Il y avait chez lui une intuition du temps long. Une manière de percevoir les fractures avant qu’elles ne deviennent visibles. Bien avant que les tragédies de l’émigration irrégulière ne s’imposent comme une crise majeure, il en avait déjà identifié les racines profondes : la perte de repères, le déséquilibre entre désir et devoir, l’effritement des solidarités. Mais jamais il ne s’est enfermé dans une posture de dénonciation. Il invitait à comprendre, à assumer, à reconstruire. Sa pensée n’était pas une condamnation du monde, mais une tentative de le réorienter.

Ce qui rend son héritage particulièrement singulier, c’est aussi sa manière d’enseigner. Serigne Cheikh Ahmed Tidiane Sy Al Maktoum n’imposait pas, il éveillait. Il ne culpabilisait pas, il responsabilisait. Il parlait aux hommes tels qu’ils sont, sans les idéaliser ni les juger. Il croyait profondément en leur capacité à s’élever, à condition d’être accompagnés vers cette élévation. Sa pédagogie était une invitation permanente à devenir meilleur, non par contrainte, mais par conscience.

Surnommé « Al Maktoum », le Pôle caché, il a également cultivé une part de mystère qui a nourri autant l’admiration que l’incompréhension. Ses retraites, ses silences, sa distance parfois déroutante, participaient d’une autre forme de présence. Une présence intérieure, moins visible mais peut-être plus profonde. Comme s’il rappelait, à sa manière, que tout ne se donne pas immédiatement à voir, que certaines vérités exigent du temps, du recul, du silence.

Depuis sa disparition en 2017, Serigne Cheikh Ahmed Tidiane Sy Al Maktoum n’a pas quitté le monde des vivants. Il y demeure autrement. Dans les mots qui circulent, dans les consciences qu’il a éveillées, dans l’héritage que prolonge Serigne Moustapha Sy. Mais surtout dans cette manière singulière d’habiter la foi sans fuir le monde.

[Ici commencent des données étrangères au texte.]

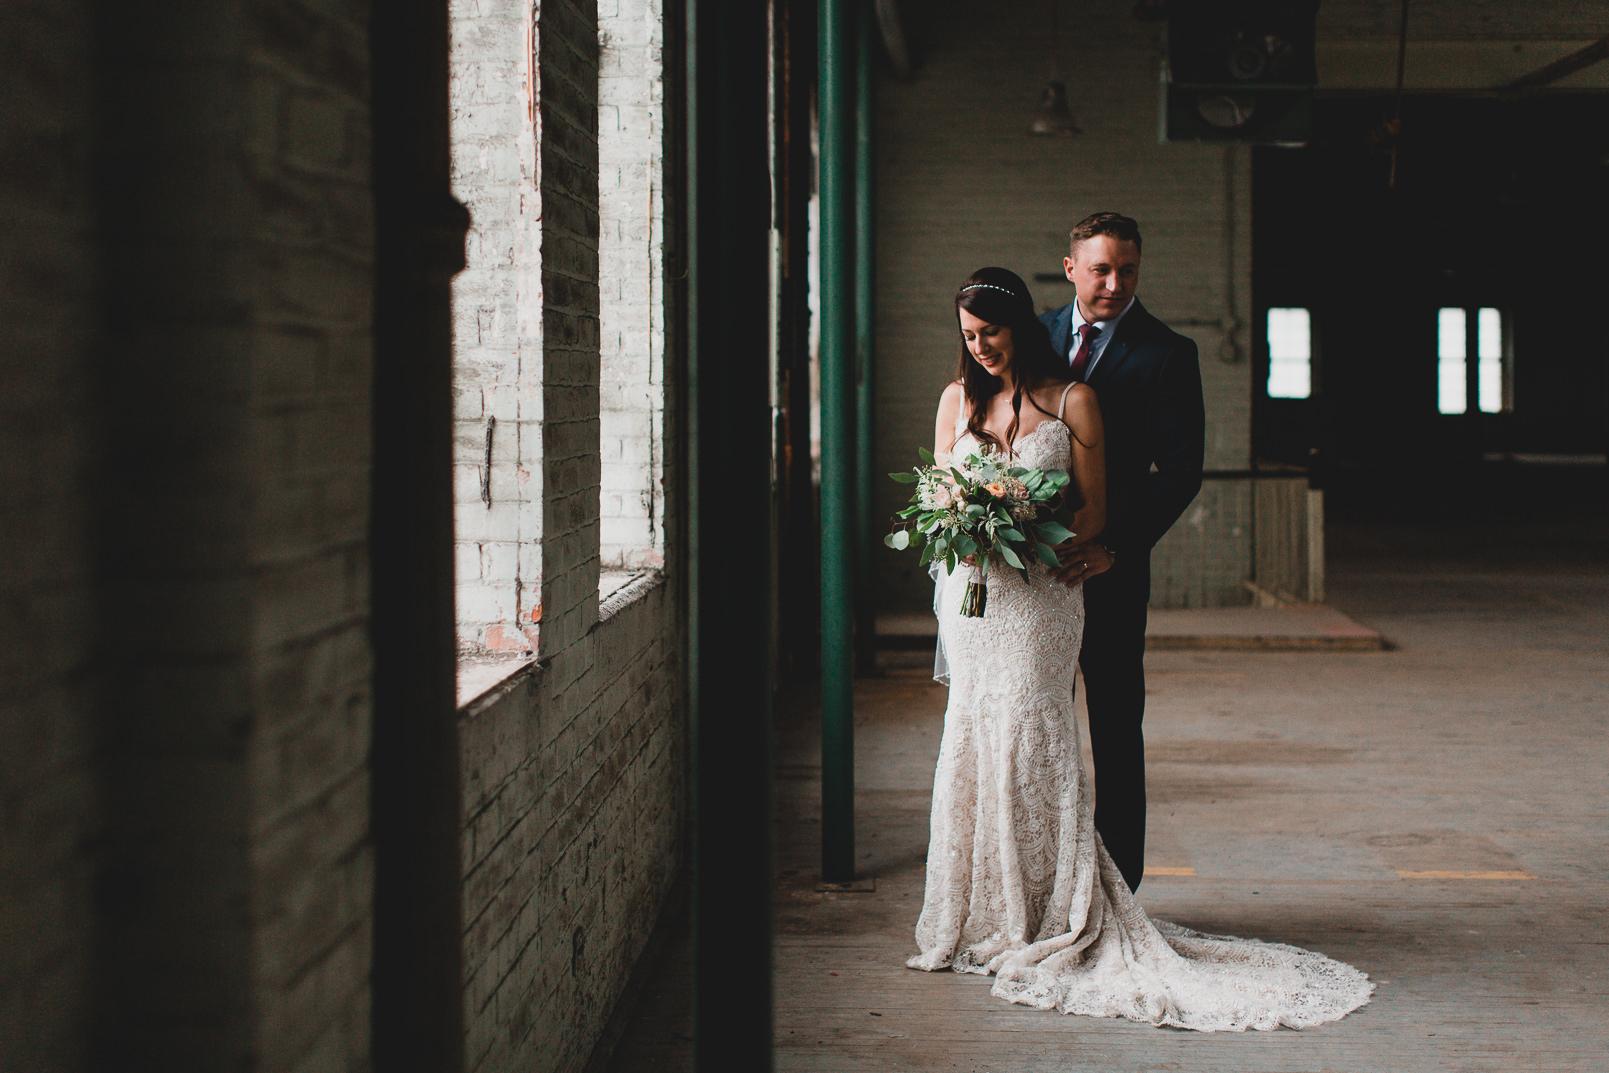 047-Jonathan-Kuhn-Photography-Wedding-_mini.jpg

Dans une époque traversée par les incertitudes, les fractures et les pertes de sens, sa pensée apparaît comme une respiration. Elle ne propose pas de solutions faciles. Elle appelle à un effort intérieur. Elle rappelle que l’homme ne se mesure pas à ce qu’il possède, mais à ce qu’il devient. Que la foi n’est pas une échappatoire, mais une responsabilité.

Ainsi, célébrer son centenaire ne consiste pas seulement à se souvenir. C’est accepter d’être interpellé. C’est entendre, à travers le silence des années, cette exigence intacte : vivre pleinement, croire lucidement, agir justement. Parce qu’au fond, Serigne Cheikh Ahmed Tidiane Sy Al Maktoum n’est pas seulement une figure du passé. Il est une présence qui oblige, une lumière qui continue de montrer le chemin.